MEC define novas diretrizes para o ensino de arte nas escolas; veja mudanças

O Ministério da Educação (MEC) publicou nesta terça-feira (18) as diretrizes para o ensino e o aprendizado da arte na educação básica no Brasil. O material foi produzido pela Câmara de Educação Básica do Conselho Nacional de Educação (CNE) e complementa a Base Nacional Comum Curricular (BNCC).
Com a nova norma, a arte passa a ser tratada como um campo de conhecimento dividido em quatro componentes: artes visuais, dança, música e teatro. As redes de ensino deverão selecionar duas dessas vertentes por ano, para evitar sobreposição.
Também cabe às redes de ensino distribuir os componentes em uma carga horária adequada e equilibrada. Essa organização deve considerar cada área.
As escolas também deverão avaliar se têm estrutura e recursos suficientes para oferecer as disciplinas. Além disso, devem criar planos para melhorar os espaços e materiais disponíveis, aproximar os estudantes de espaços culturais e artísticos da região e buscar parcerias com a comunidade para fortalecer o ensino.
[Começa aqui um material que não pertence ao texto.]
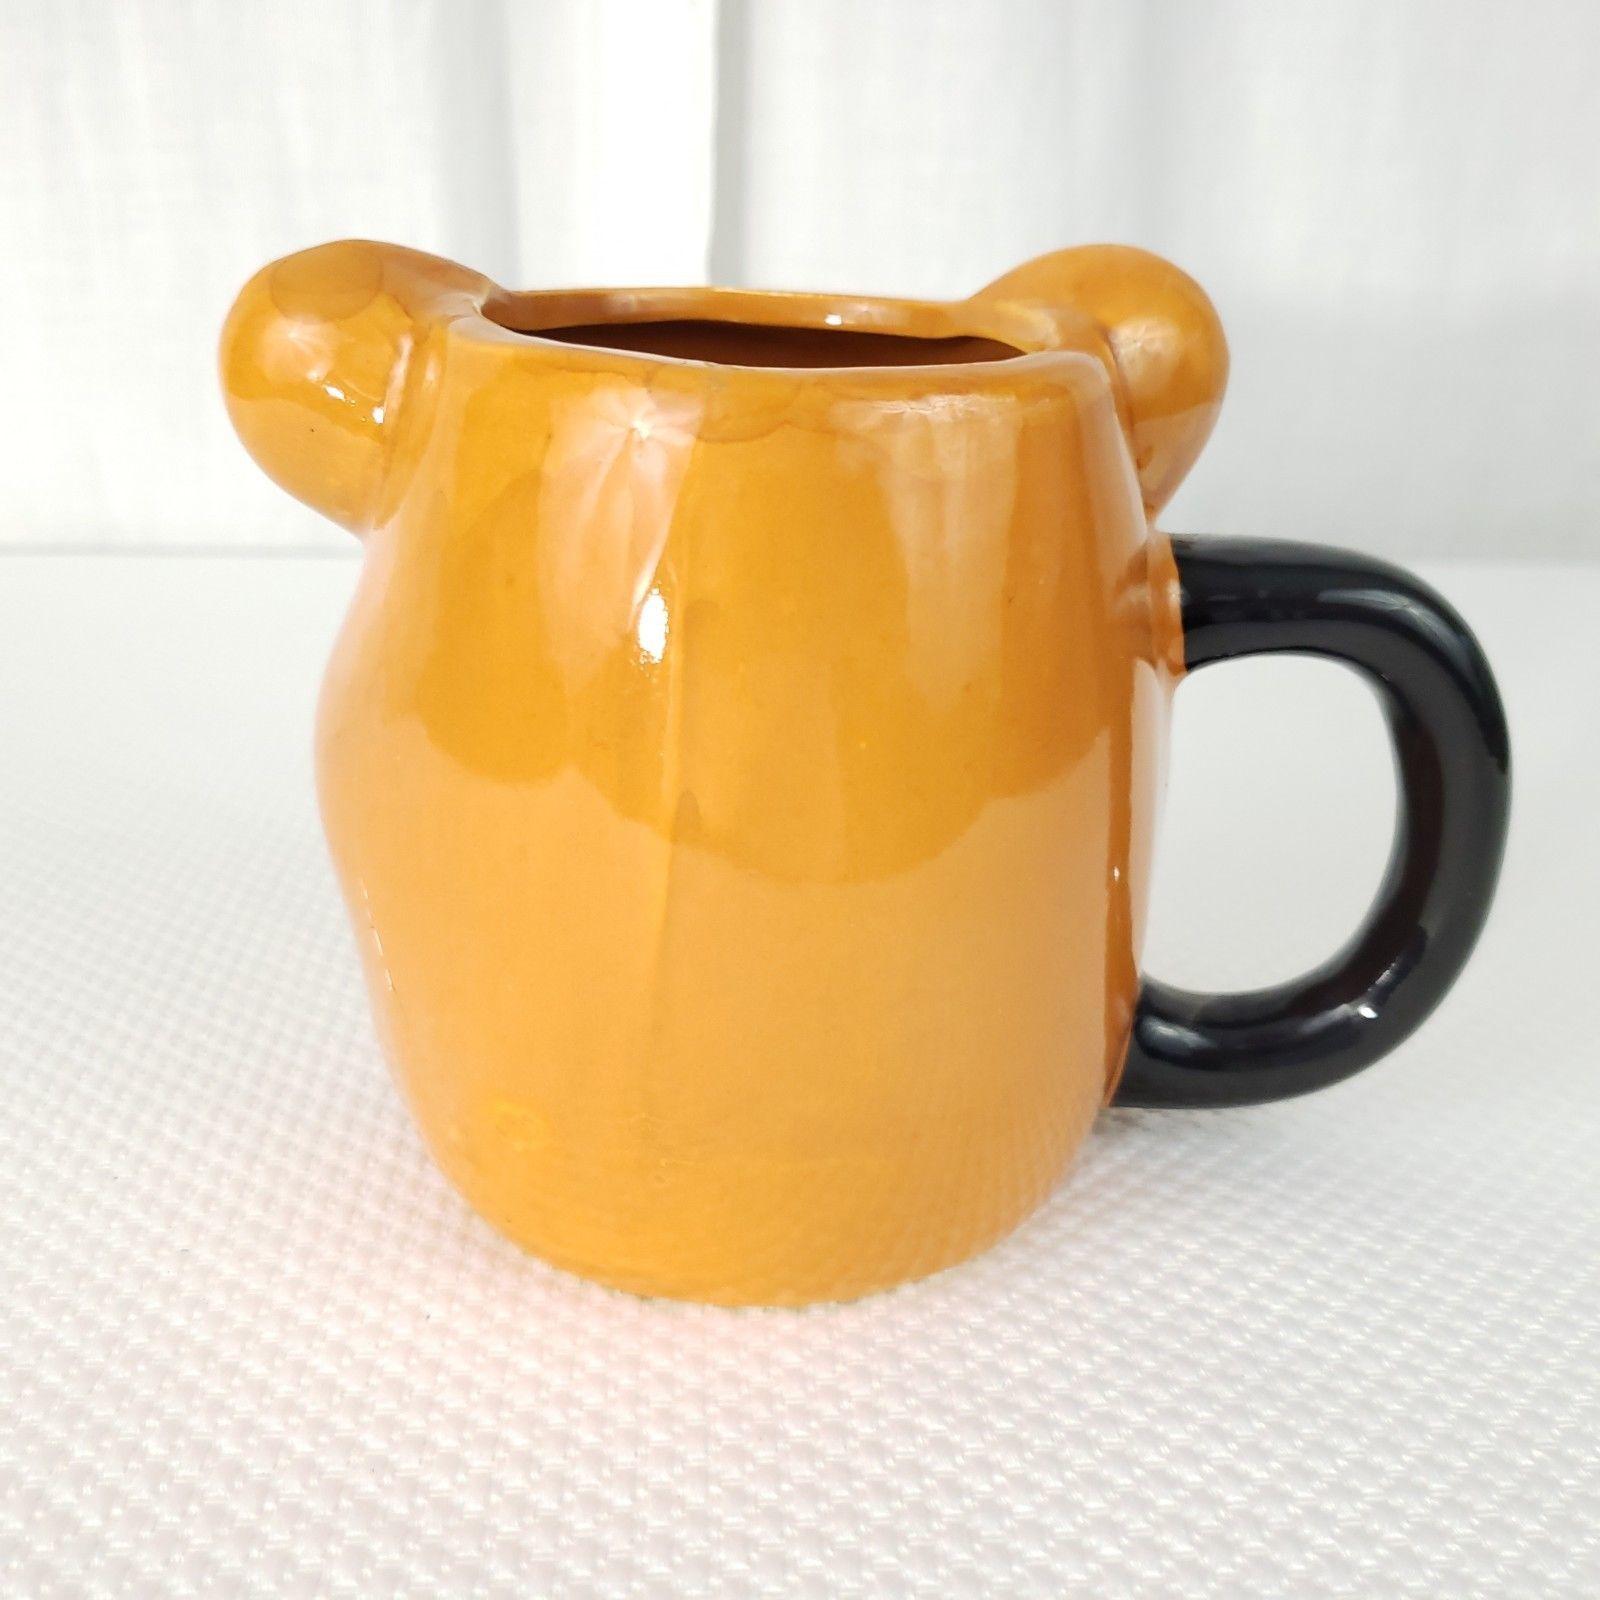 Five Nights At Freddy's Fazbear Molded Ceramic Mug With Damage

Entre as novas diretrizes, o MEC destaca:
- Arte como prática integradora: deve ser vista como prática educativa com potencial para integrar experiências dentro e fora do ambiente escolar.
- Processos criativos e reflexivos: o ensino envolve criação, experimentação, apreciação e reflexão crítica, além da técnica e da reprodução.
- Contextualização e análise crítica: a análise de obras em seus contextos históricos, sociais e culturais amplia o repertório cultural dos estudantes.
- Desenvolvimento integral do estudante: o ensino de arte favorece o desenvolvimento cognitivo, afetivo, social, cultural e estético dos estudantes.
O objetivo da norma é consolidar a ideia de que a arte não é somente uma atividade secundária, recreativa ou destinada apenas a complementar festas e datas comemorativas. O Parecer CNE/CEB nº 2, aprovado em 19 de março de 2026, estabelece a arte como campo essencial à formação humana, capaz de promover a criatividade, o pensamento crítico e o diálogo com outras áreas.